ASSIGNMENT:
Could every line of the listing be output exactly, with the pictures skipped?
GIVEN MATERIAL below:
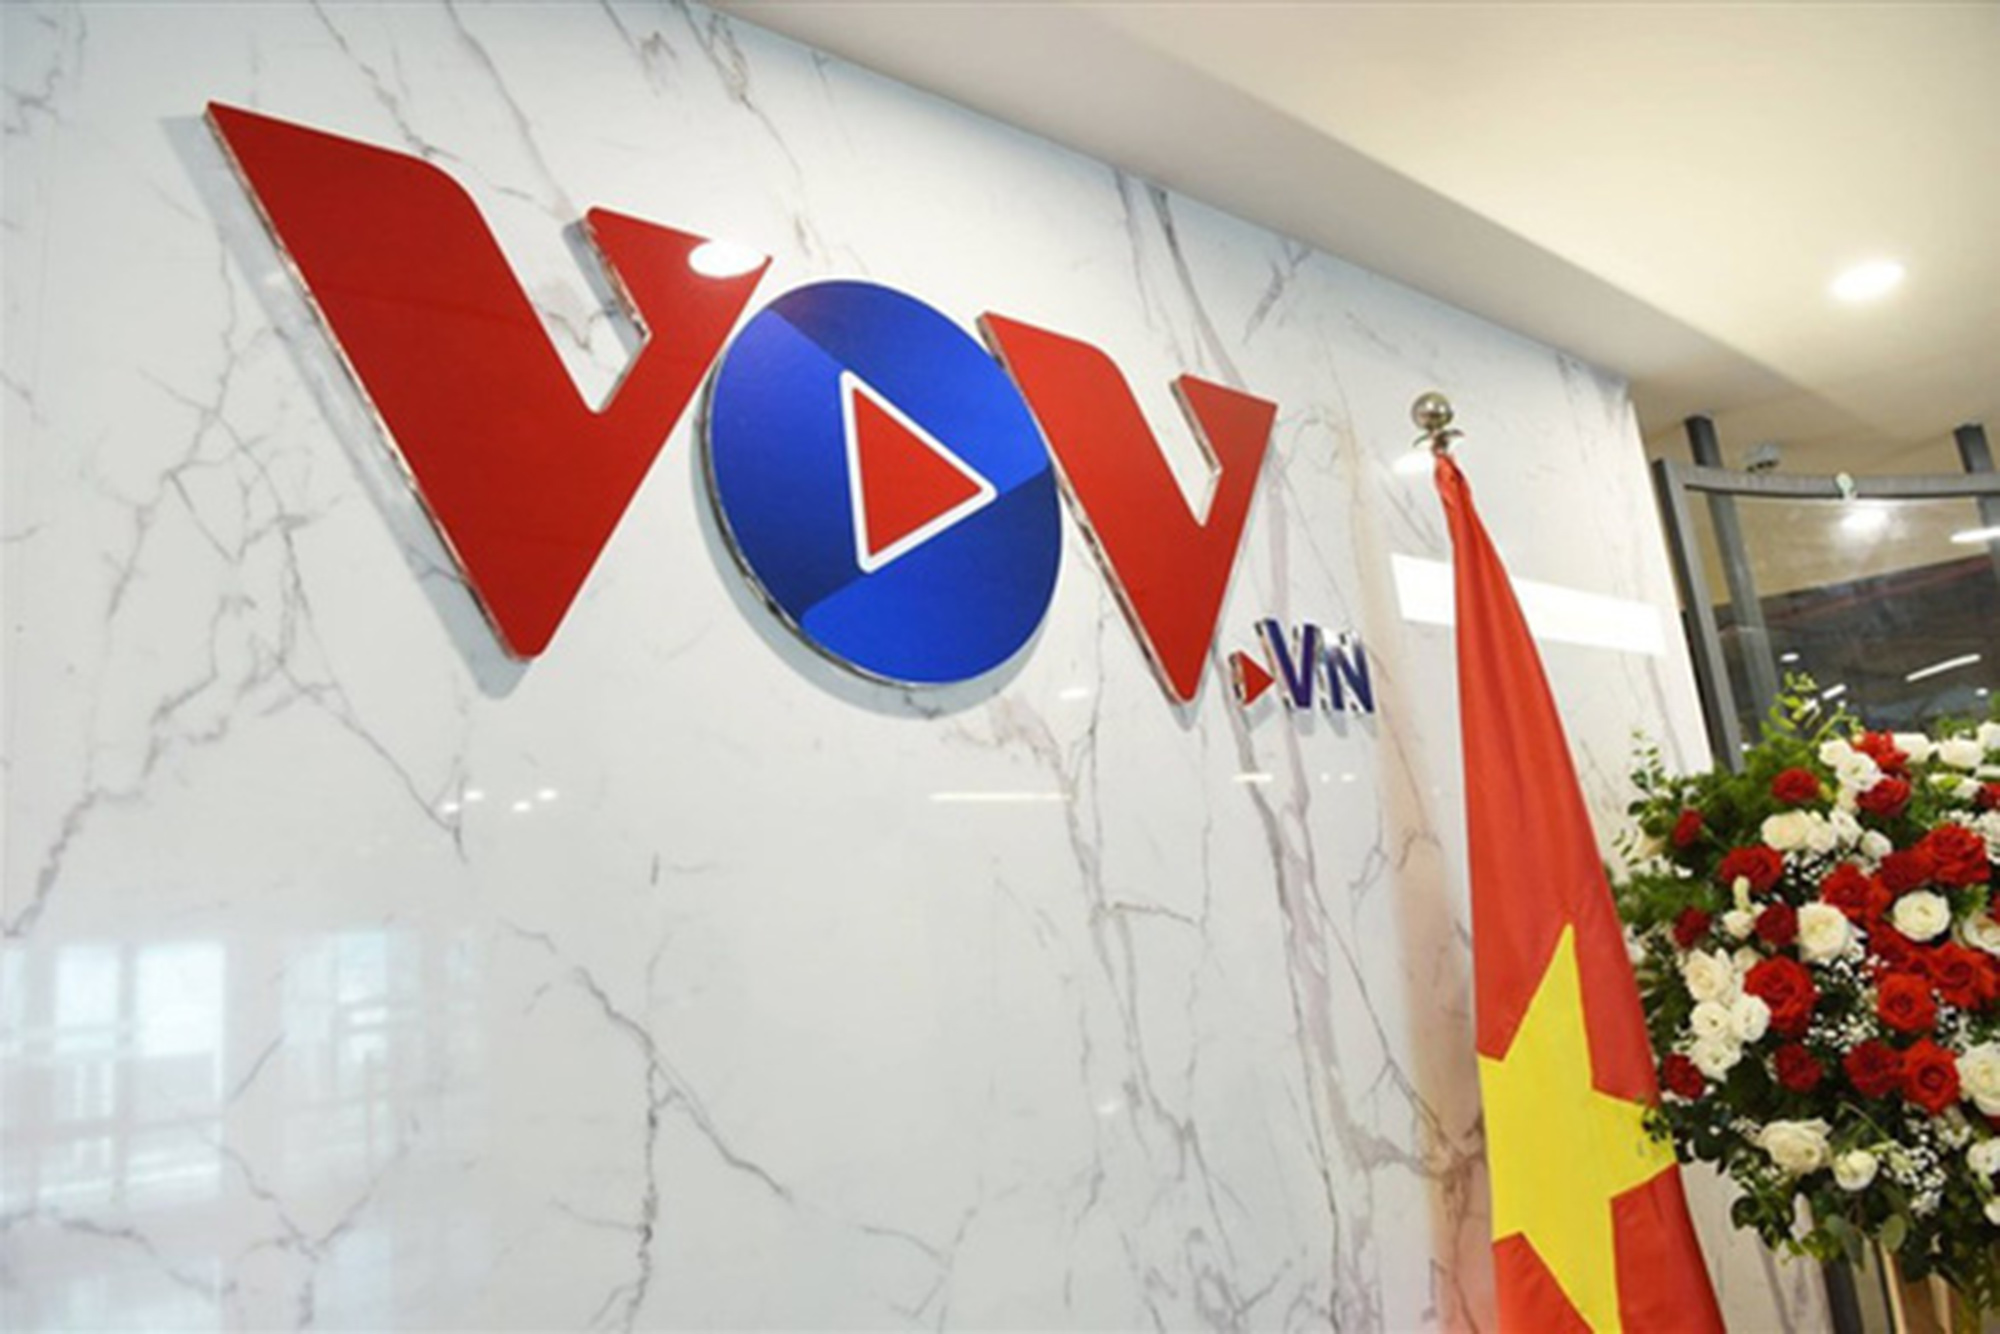 Tấn công báo điện tử VOV sau khi đăng 2 bài về bà Phương Hằng, một thanh niên bị bắt - Ảnh 1.
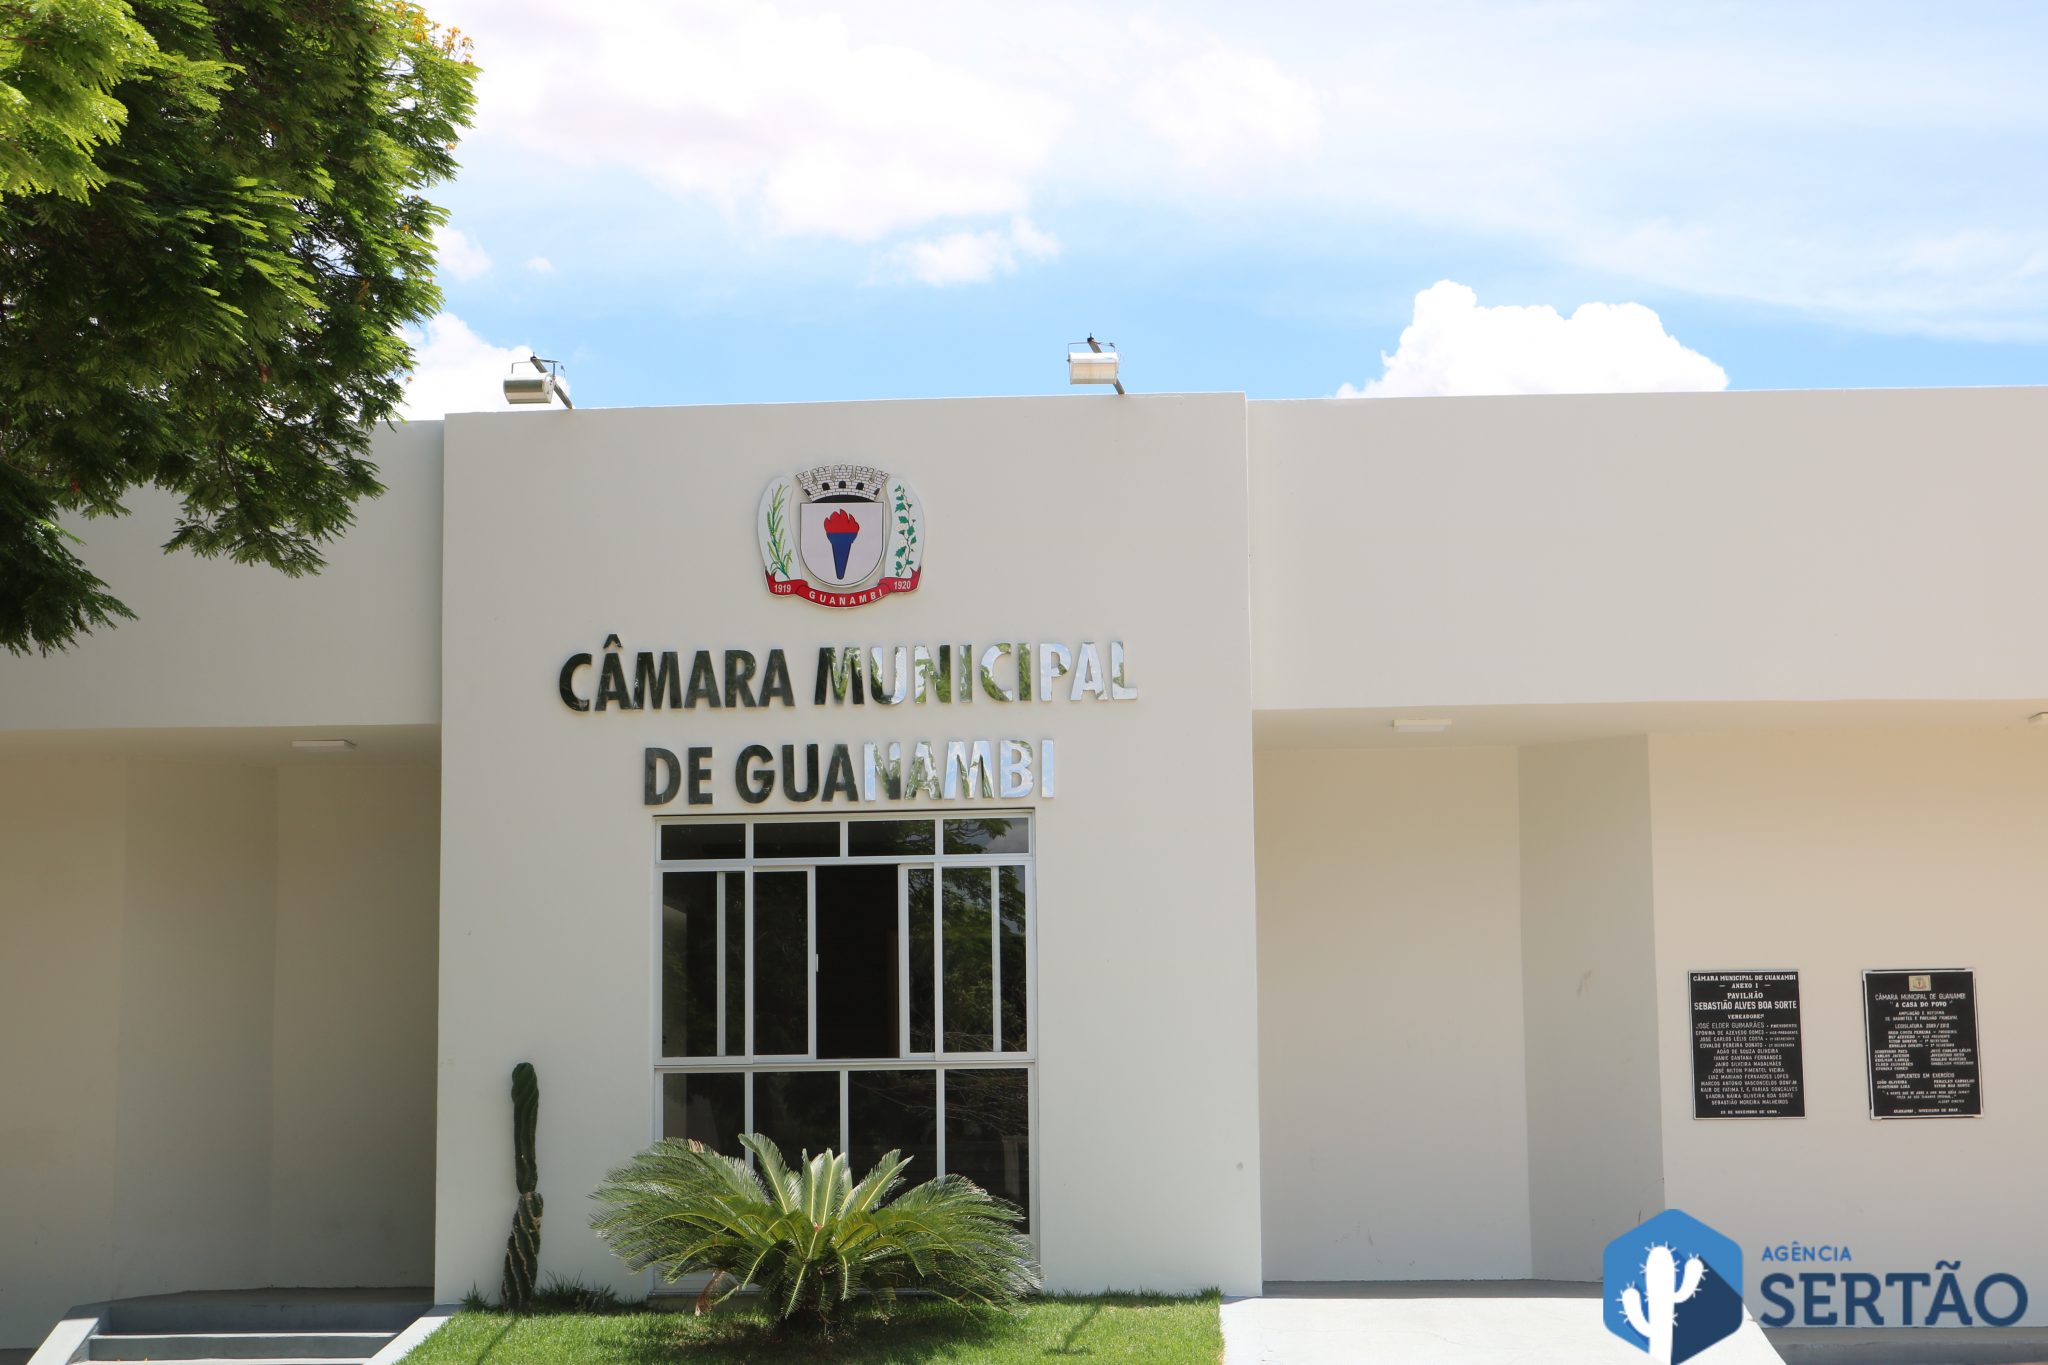 Médicos e dentistas emitem nota contra projeto de lei que reduz gratificações da Prefeitura de Guanambi
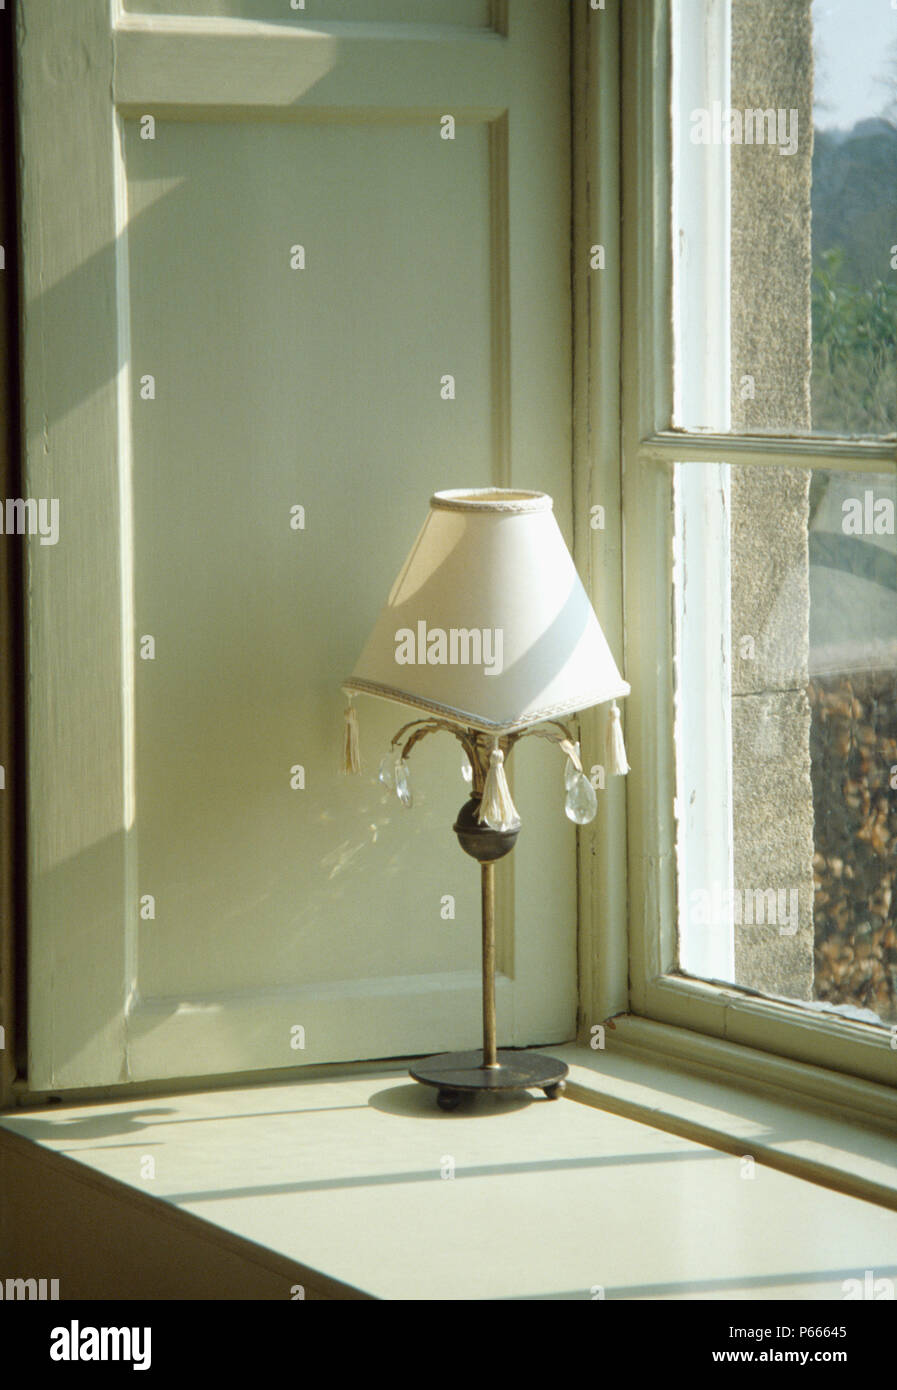 Close-up de lámpara de metal con sombra blanca adornada con cristales de vidrio sobre la repisa de la ventana Foto de stock
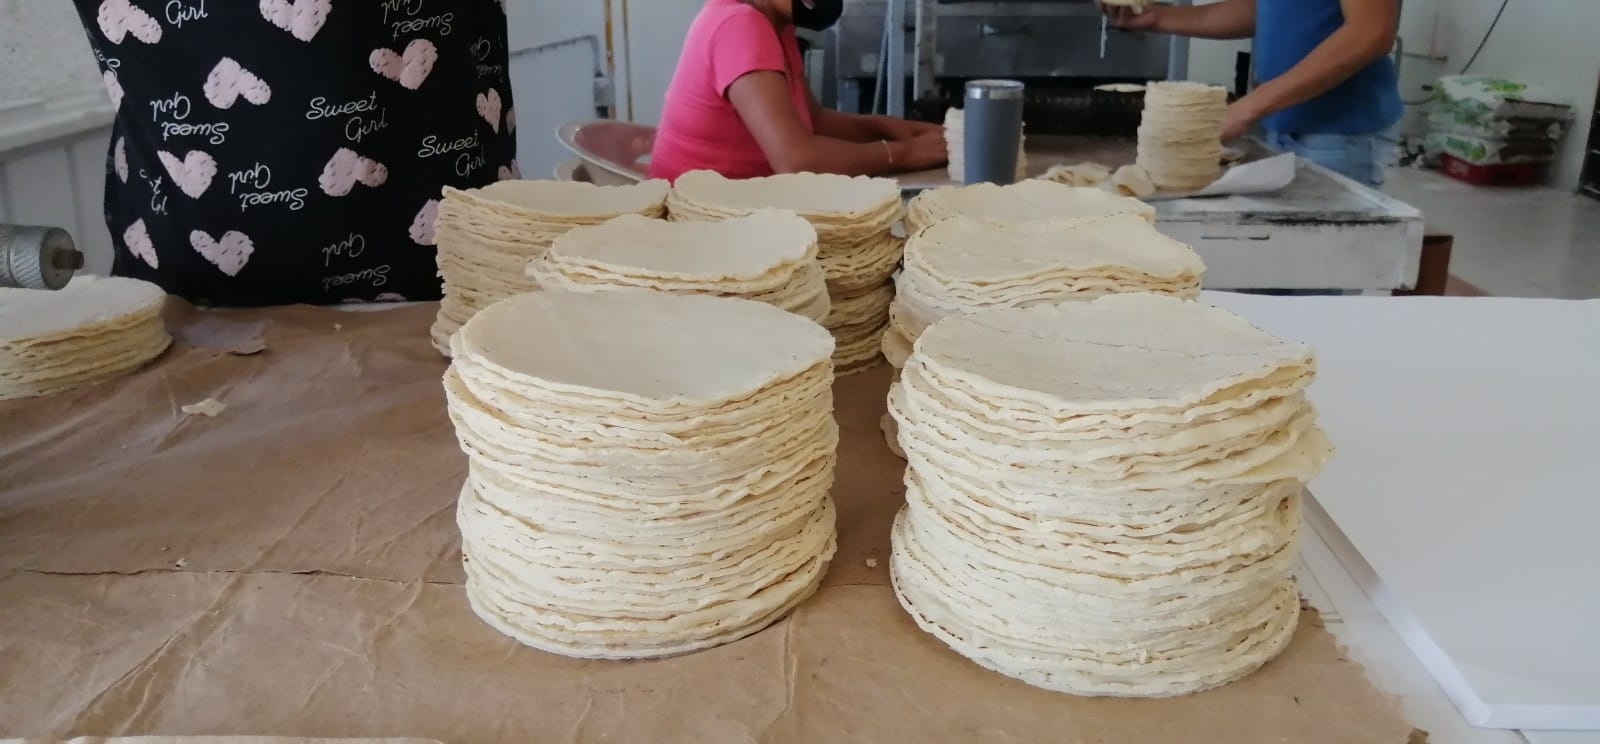 El precio de la tortilla depende mucho de la zona, incluso hay quienes la vende hasta 6 pesos más caro
End of GIVEN MATERIAL.
REPLY:
 Tấn công báo điện tử VOV sau khi đăng 2 bài về bà Phương Hằng, một thanh niên bị bắt - Ảnh 1.
 Médicos e dentistas emitem nota contra projeto de lei que reduz gratificações da Prefeitura de Guanambi
 Close-up de lámpara de metal con sombra blanca adornada con cristales de vidrio sobre la repisa de la ventana Foto de stock
 El precio de la tortilla depende mucho de la zona, incluso hay quienes la vende hasta 6 pesos más caro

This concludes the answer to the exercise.